This "gating" of the electrical current would avoid the potential
danger of discharging electrical current to the heart during
vunerable phases of depolarization which may lead to cardiac
arrhythmias.
[0042] Iontophoretically enhanced delivery requires that the
therapeutic agent carry a net charge under physiological conditions
whereas electroporation alone would be used for delivering
treatment agents that are not sufficiently ionized to iontophorese
well into tissues. Electroporation may also be the preferred
strategy for enhancing localized cellular targeting of a
systemically administered therapeutic agent.

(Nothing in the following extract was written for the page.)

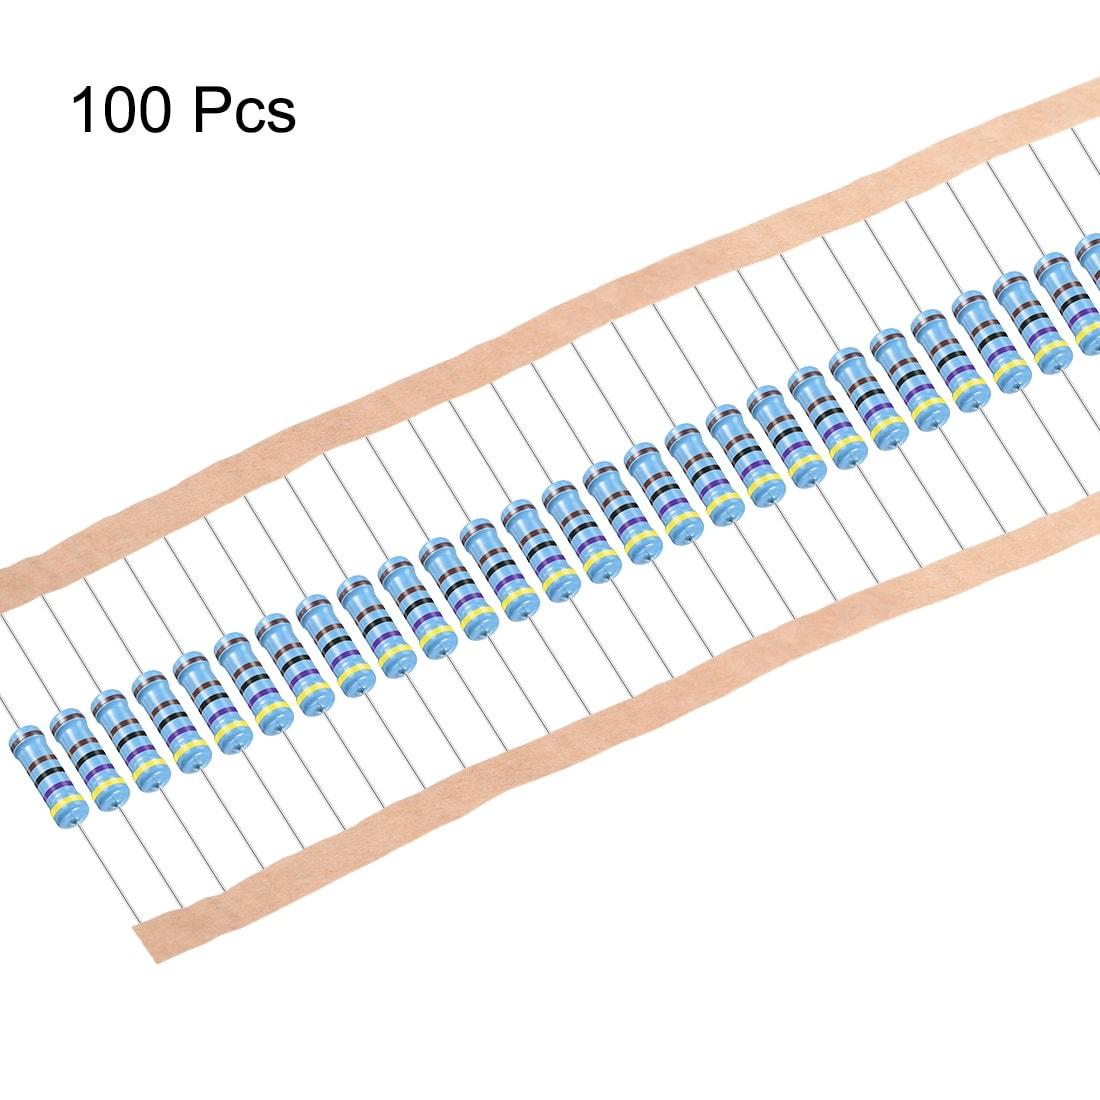 100 resistenza 12,4 K mf0207 metallo Film Resistors 12,4k 0,6w tk50 1/% 032984

[0043] As used herein, the term "iontophoresis" means the migration
of ionizable molecules through a medium driven by an applied
low-level electrical potential. This electrically mediated movement
of molecules into tissues is superimposed upon concentration
gradient dependent diffusion processes. If the medium or tissue
through which the molecules travel also carries a charge, some
electro-osmotic flow occurs. However, generally, the rate of
migration of molecules with a net negative charge towards the
positive electrode and vice versa is determined by the net charge
on the moving molecules and the applied electrical potential. The
driving force may also be considered as electrostatic repulsion.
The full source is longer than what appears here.